Articles, Poem

Poem: Banana Split

Banana Split

I was catcalled for the first time today.

Really catcalled.

Not a few whistles from an open car window,

or the flash of a phone camera out of the corner of your

blue eye.

 

Catcalled.

 

The kind of catcall

that goes

on

and

on

and

on

 

Even when his friend whispers,

“they’re girls”.

As if to say they’re just girls

not women.

Save them for later.

 

But still he calls

Even when you’ve crossed four lanes of traffic.

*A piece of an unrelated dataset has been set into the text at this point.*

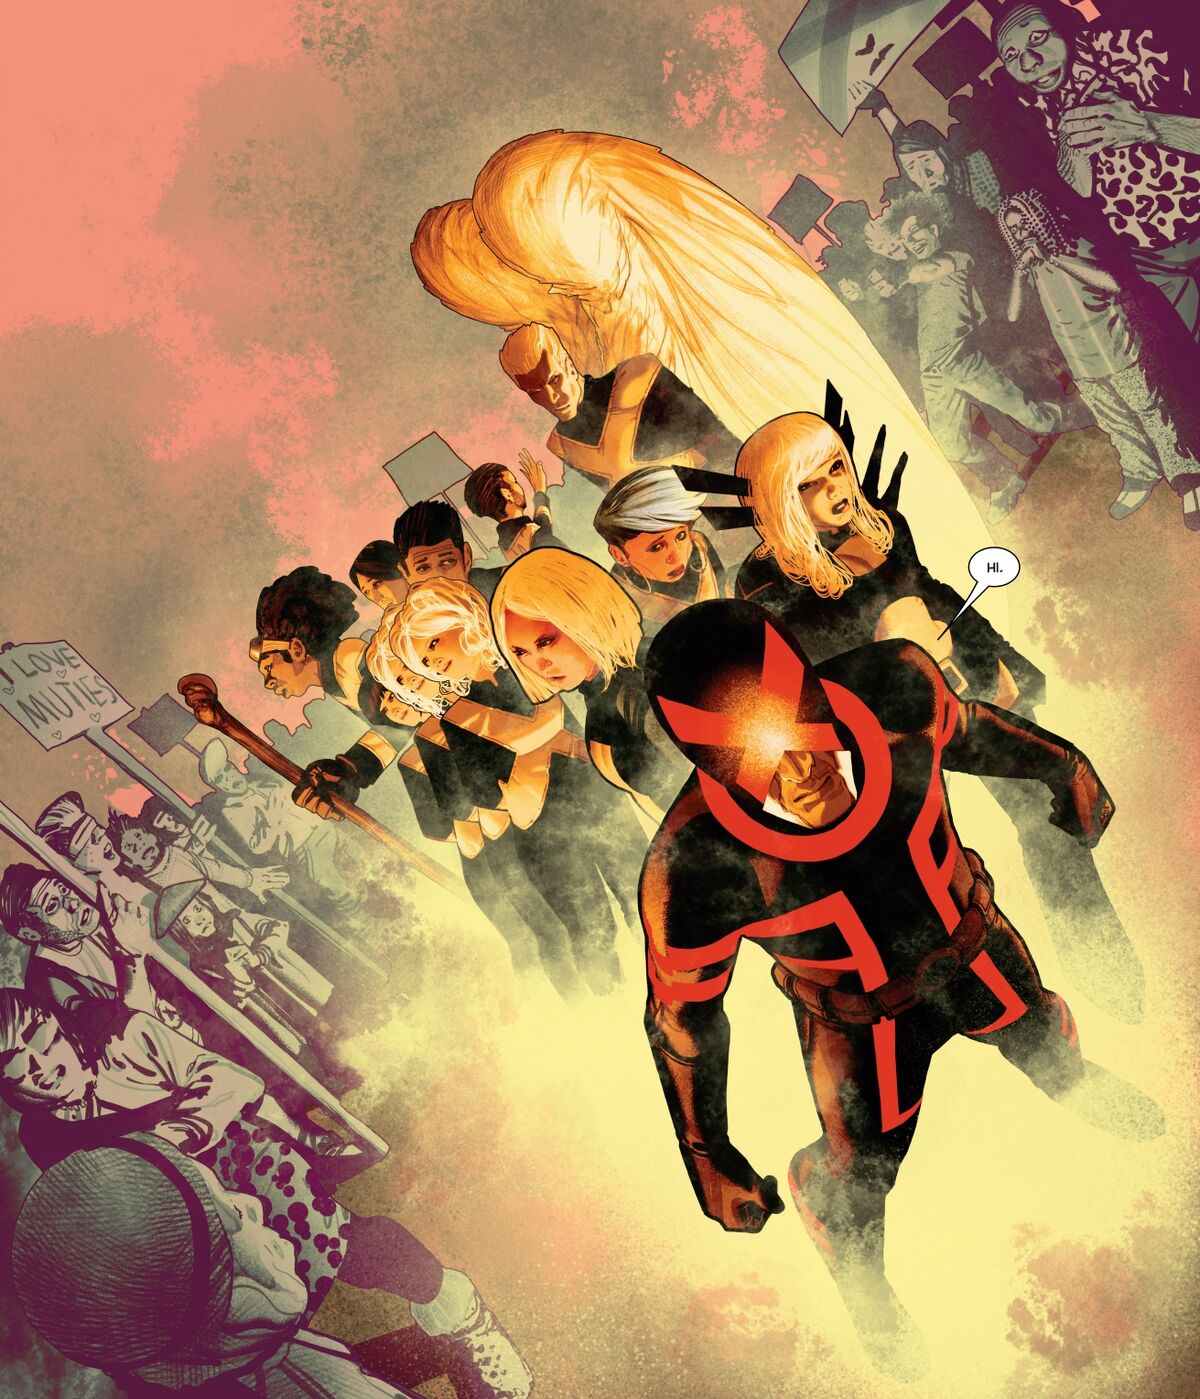 Universo Marvel 616: Xavier careca e outras informações sobre os X-Men
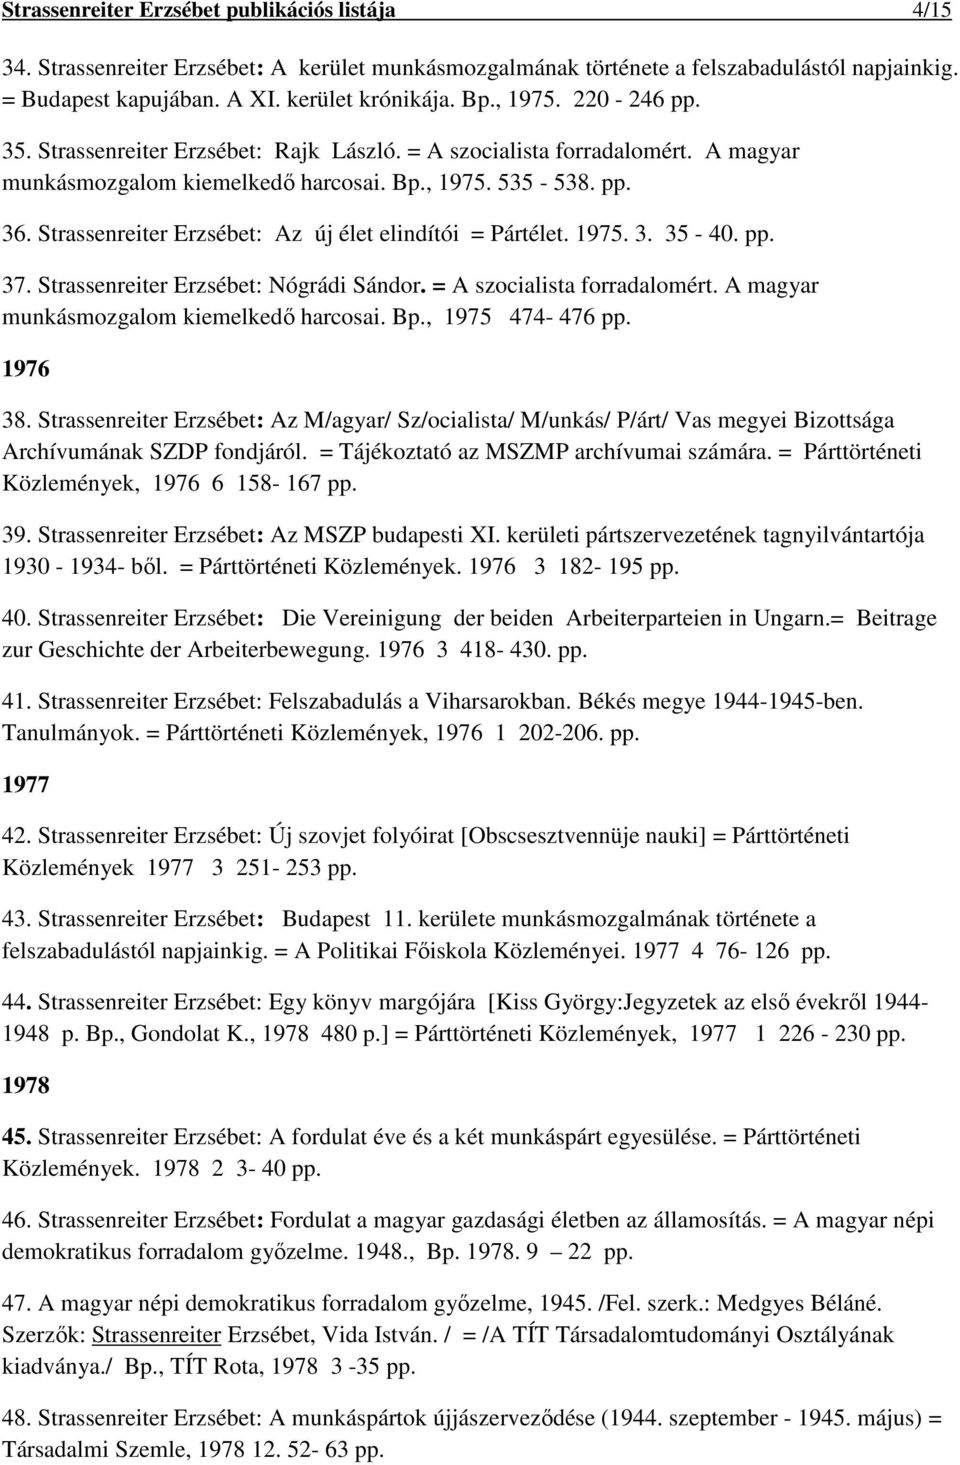 Strassenreiter Erzsébet. publikációs listája - PDF Ingyenes letöltés

Even when you’ve walked down the slanting sidewalk

to the ice cream parlor with a polar bear

plastered on the window.

 

It was the kind of catcall that

you blame yourself for.

That you beat yourself for.

That you go over one hundred times in your head

how he yelled,

“that one’s smiling. She likes it”.

And you realize that ‘one’

was you.

 

That you had smiled because your first extinct was to think

this can’t be happening.

Your $7.50 banana split melted

before you could

work up

the nerve

to eat it.

 

You were watching for the park bench,

for the three men outside the used bookstore.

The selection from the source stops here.